This is actually a harder problem than it would sound like. Hamel done some pretty cool work on how that relates to tokenization. There's a whole rabbit hole there.
Hamel: Yes, this is the biggest nightmare. So as you know we're going to spend
time learning Axolotl and when I teach Axolotl, the bulk of the time is making
sure that you understand what the template is. Because that is where 99% of
errors in practice happen with this. And it sounds like, "Oh, OK why would you
ever get this wrong?". The fact of the matter is, there's many different kinds
of templates out there. There's things that assemble templates for you. It's
really easy to misunderstand what the template is. It's often the case you
don't assemble this template yourself.
If you don't precisely understand what that template is, you can get into
trouble really fast. The reason why it comes up so much is, there's a lot of
abstractions out there. I've seen roughly half of the time, something go wrong
between, what you expect to happen and what actually being assembled.
Hamel drop a link in the chat about some very detailed analysis of these tokens and when you can be misled even when they look the same.
(You can read if you're interested.)
Is Fine-Tuning Dead?

Observation (watch the recording at 00:28:51)
Sharing Tweets by Anton (@abacaj) and Emmanuel Ameisen (@mlpowered).
Interest in fine tuning is like waves. It increases and decreases.
Story: A year ago, at OpenAI event, they said we think there's going to be one model to
rule them all and we don't think there's going to be like lots of small models
that are useful for specific purposes.
There is no question is that sometimes fine-tuning is the right approach. You're going to have bespoke data.
There's been an important trend towards longer context windows, which means you can give more examples in your prompt. That way is in favor of less fine-tuning and more of just dropping a lot into the prompts.
Dan don't think either extreme view is right, and the community will sort of move back and forth between those over time.
Hamel's take on this:
My sentiment is like, you should definitely try NOT to fine-tune first.

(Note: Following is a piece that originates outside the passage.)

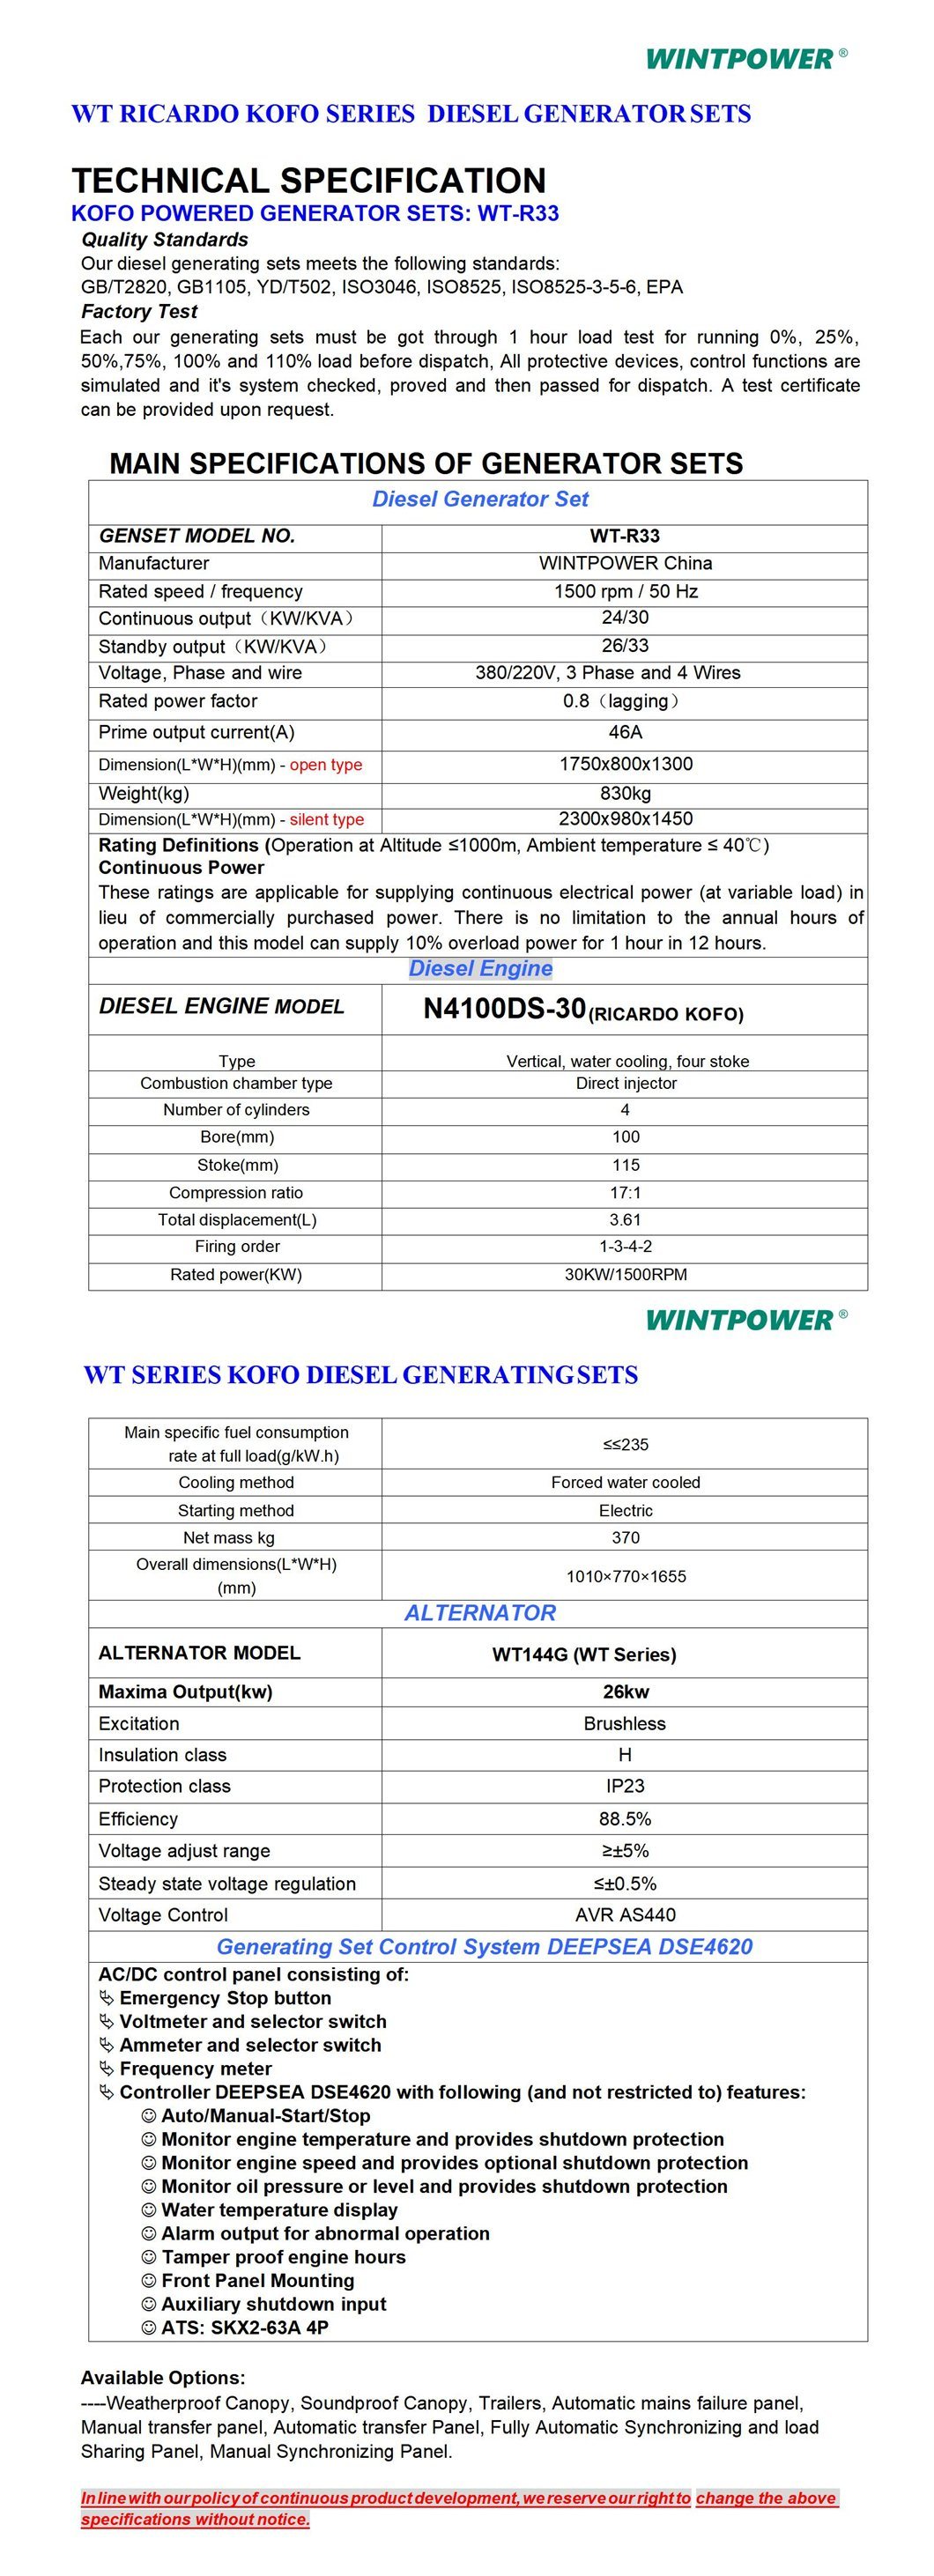 Weichai Kofo Ricardo Diesel Power Generator Set Dg Genset 30kVA N4100ds-30 40kVA N4105ds-38 50kVA N4105ds-42 60kVA N4105zds 75kVA N4105zds 803kVA R41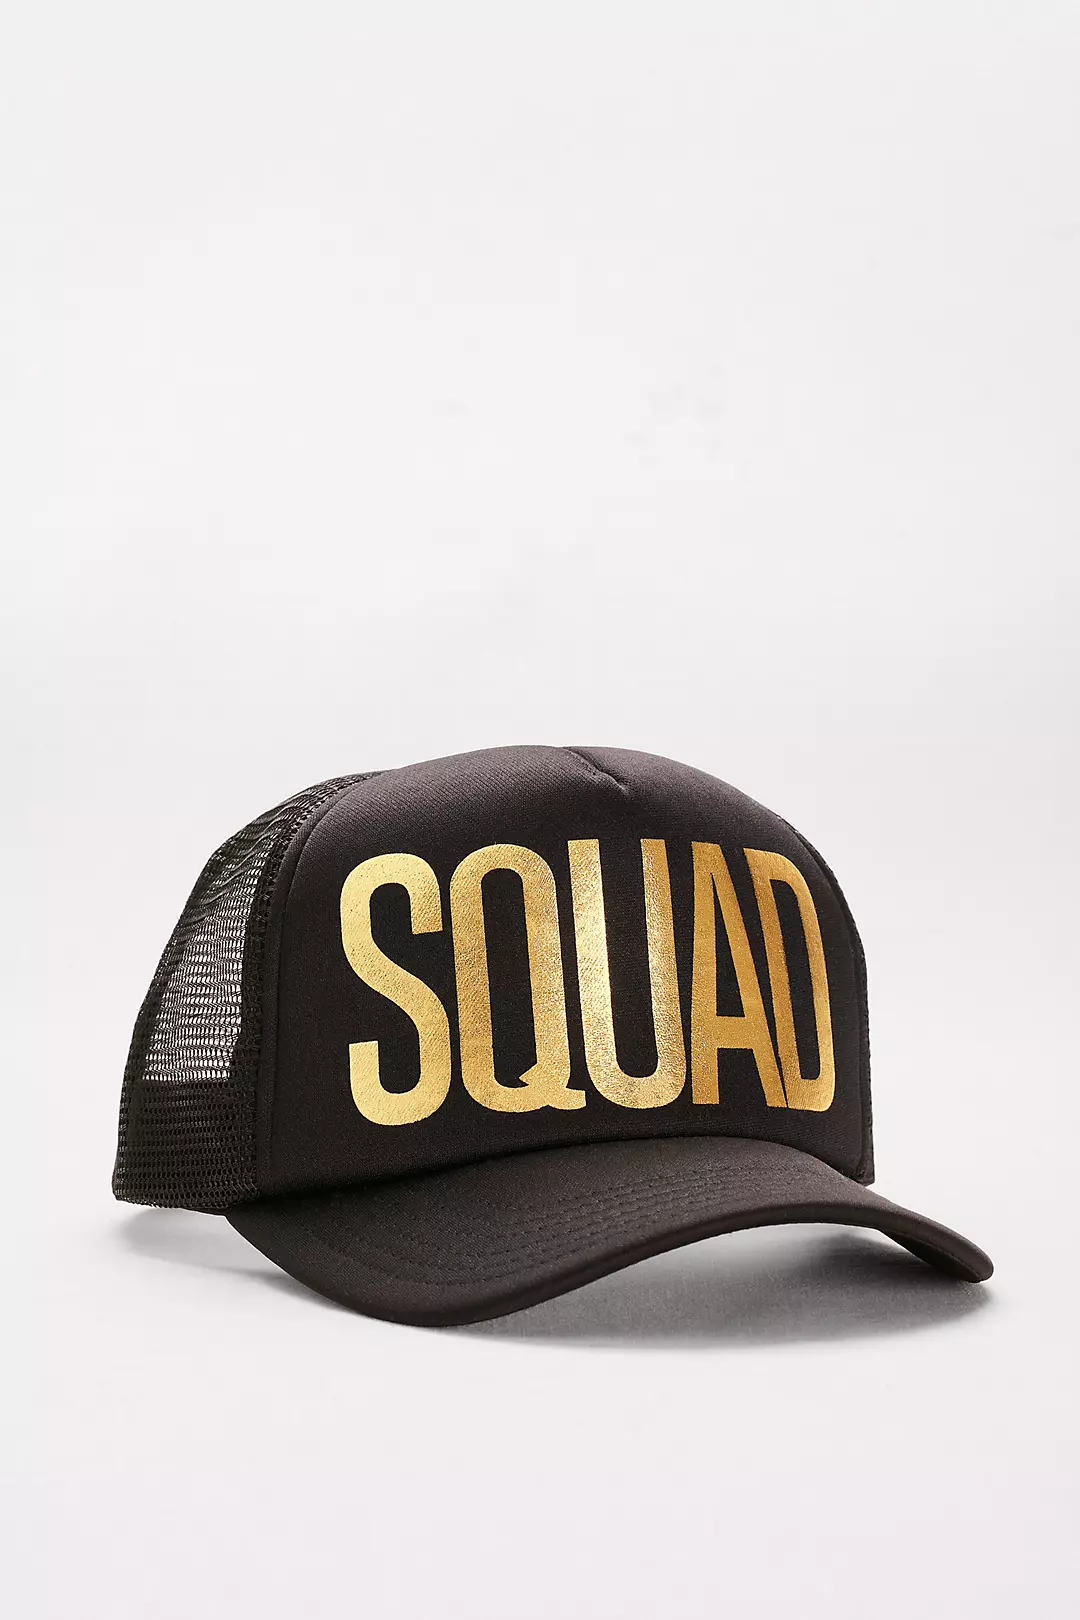 Squad Trucker Hat  Image

You need to prove to yourself that you should fine-tune.
The way to prove to yourself is, you should have some minimal evaluation system. Once you don’t make progress move to fine-tune.
It's important to learn how to do prompting. It's kind of funny to think that prompting is a skill. But actually I think it is. I like practice it quite a bit.
You may have a generic model which has not seen specific data. Then you need fine-tuning.
Example


The task is to find the value based on description.
Because it's just regression you could use classical NLP or ML techniques for this. There's important reason that we did not want to do that.
NLP / Regression was not useful because description won’t cover all the words.
Users might enter new words and NLP will not work.
Slide 16: Unacceptable results

Learned that responses were round numbers, but not great at getting approximately right values - Inappropriate loss function

Considering this as a regression model. Output numbers are also string for the LLM. 10, 5, 100, 5000. They don’t use 97.


Training data had "wrong" small values

Careful with training data. Value has entered low for various reasons like insurance cost etc. Users will put 10 instead of 500.


Many incomprehensible descriptions due to length limit

Companies will have acronyms so that it would fit in 80 chars space. Thus the model needs access to the acronym and related policy of the company. This is all revealed by looking at the raw data.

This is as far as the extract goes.